Adam dijo asombrado:
—¡Mira que vivir con vosotros y no enterarme de esas cosas! ¿Por qué se enfadó Abra?
—No sé si debo decirlo —respondió Cal.
—En ese caso no lo digas.
—No es nada malo. Por el contrario, creo que está bien. Es que Aron, señor, quiere ser clérigo. El señor Rolf…, bueno, lo que pasa es que al señor Rolf le gusta la vida eclesiástica, y a Aron también, y pensó que acaso no debía casarse y que era mejor retirarse del mundo.
—¿Quieres decir como un monje?
—Sí señor.
—Y a Abra no le gustaba esa idea, ¿no es así?
—Que no le gustaba es decir poco. Estaba furiosa. A veces tiene unos arrebatos de cólera tremendos. Le quitó violentamente la estilográfica a Aron, la arrojó sobre la acera y la pisoteó. Luego dijo que Aron le había hecho perder la mitad de su vida.
—¿Cuántos años tiene Abra? —preguntó Adam entre risas.
—Casi quince. Pero ella está… Bueno, quiero decir que aparenta más en ciertos aspectos.
—Eso parece. ¿Qué hizo entonces Aron?
—No dijo nada, pero se sintió terriblemente trastornado. —supongo que se la hubieras podido quitar en aquella ocasión —dijo Adam.
—Abra es la novia de mi hermano —replicó Cal.
Adam lo miró profundamente a los ojos. Luego llamó a Lee, pero no obtuvo respuesta. Volvió a llamarlo, y dijo:
—No lo he oído salir. Quiero tomar más café.
Cal se levantó.
—Yo lo prepararé.
—Oye —exclamó Adam, ya tendrías que estar en la escuela.
—No quiero ir.
—Pues deberías ir. Aron ya se ha ido.
—Soy muy feliz —respondió Cal—. Quiero quedarme con usted.

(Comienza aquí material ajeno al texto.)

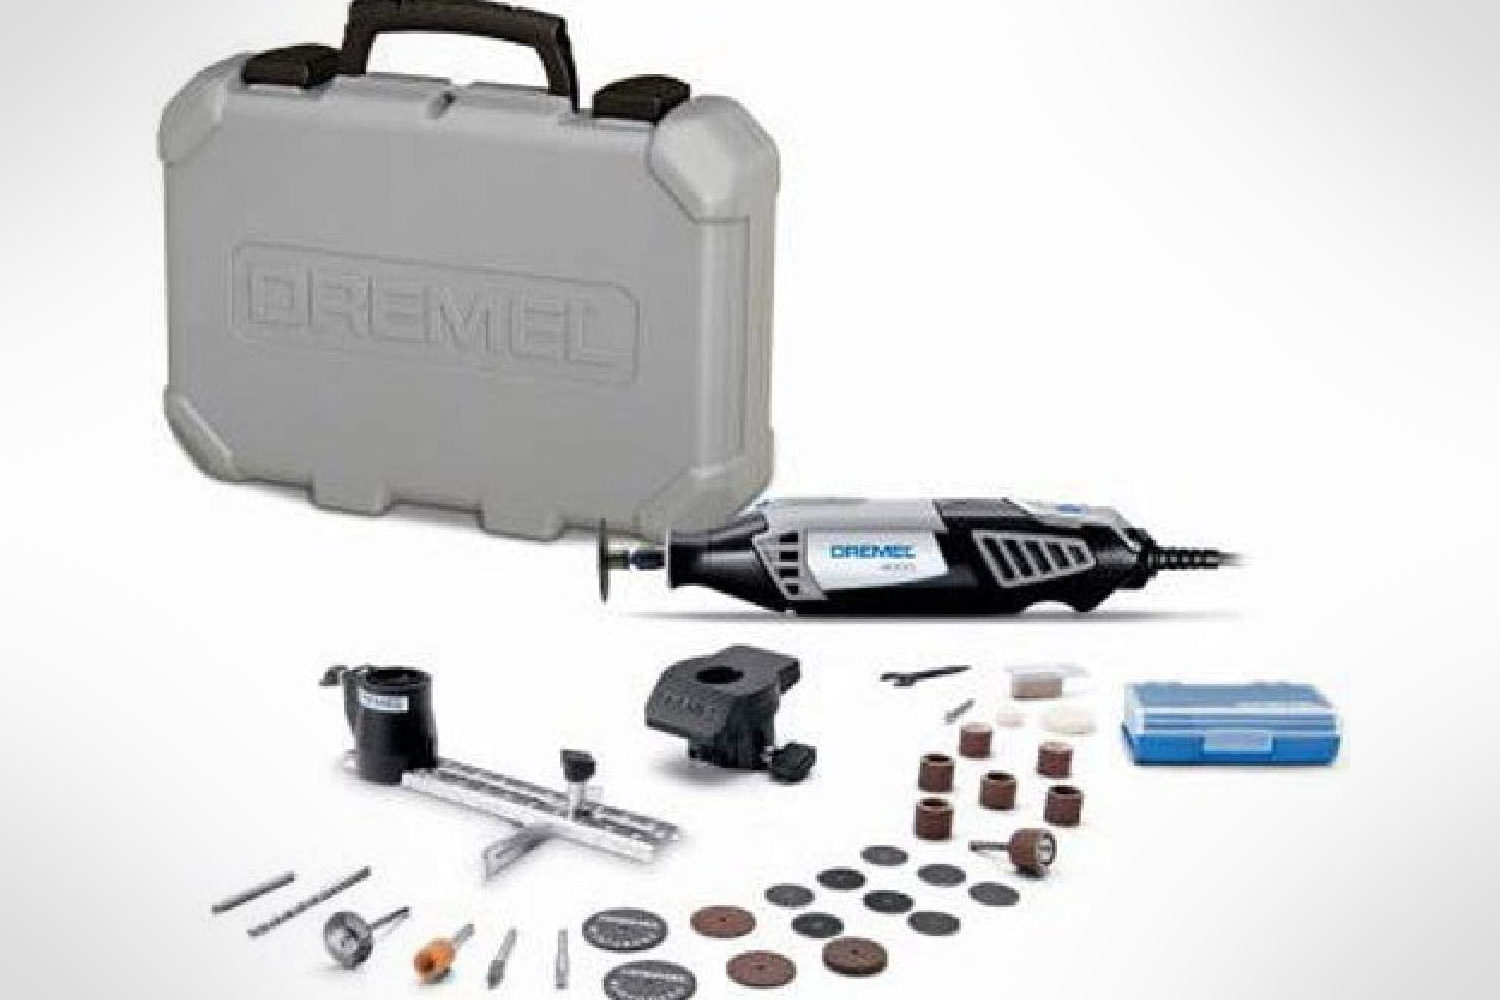 Dremel 4000-2/30 High Performance Rotary Tool Kit

—Prepara el café —dijo Adam quedamente, y su voz denotaba timidez.
Mientras Cal estaba en la cocina, Adam reflexionaba lleno de asombro. Sus nervios y músculos palpitaban excitados y hambrientos. Sus dedos anhelaban estrechar algo, y sus piernas correr. Paseó ávidamente su mirada por la habitación. Vio las sillas, los cuadros, las rosas encarnadas de la alfombra, y los nuevos objetos delimitados con claridad. Objetos casi vulgares, pero que a él le parecieron amistosos. Y en su cerebro nació un agudo apetito por el futuro, una agradable y cálida anticipación, como si los minutos y semanas inmediatos tuviesen que traerle toda clase de deleites. Sintió una emoción que preludiaba un día risueño, dorado y tranquilo. Entrecruzó sus dedos detrás de la cabeza y extendió las piernas.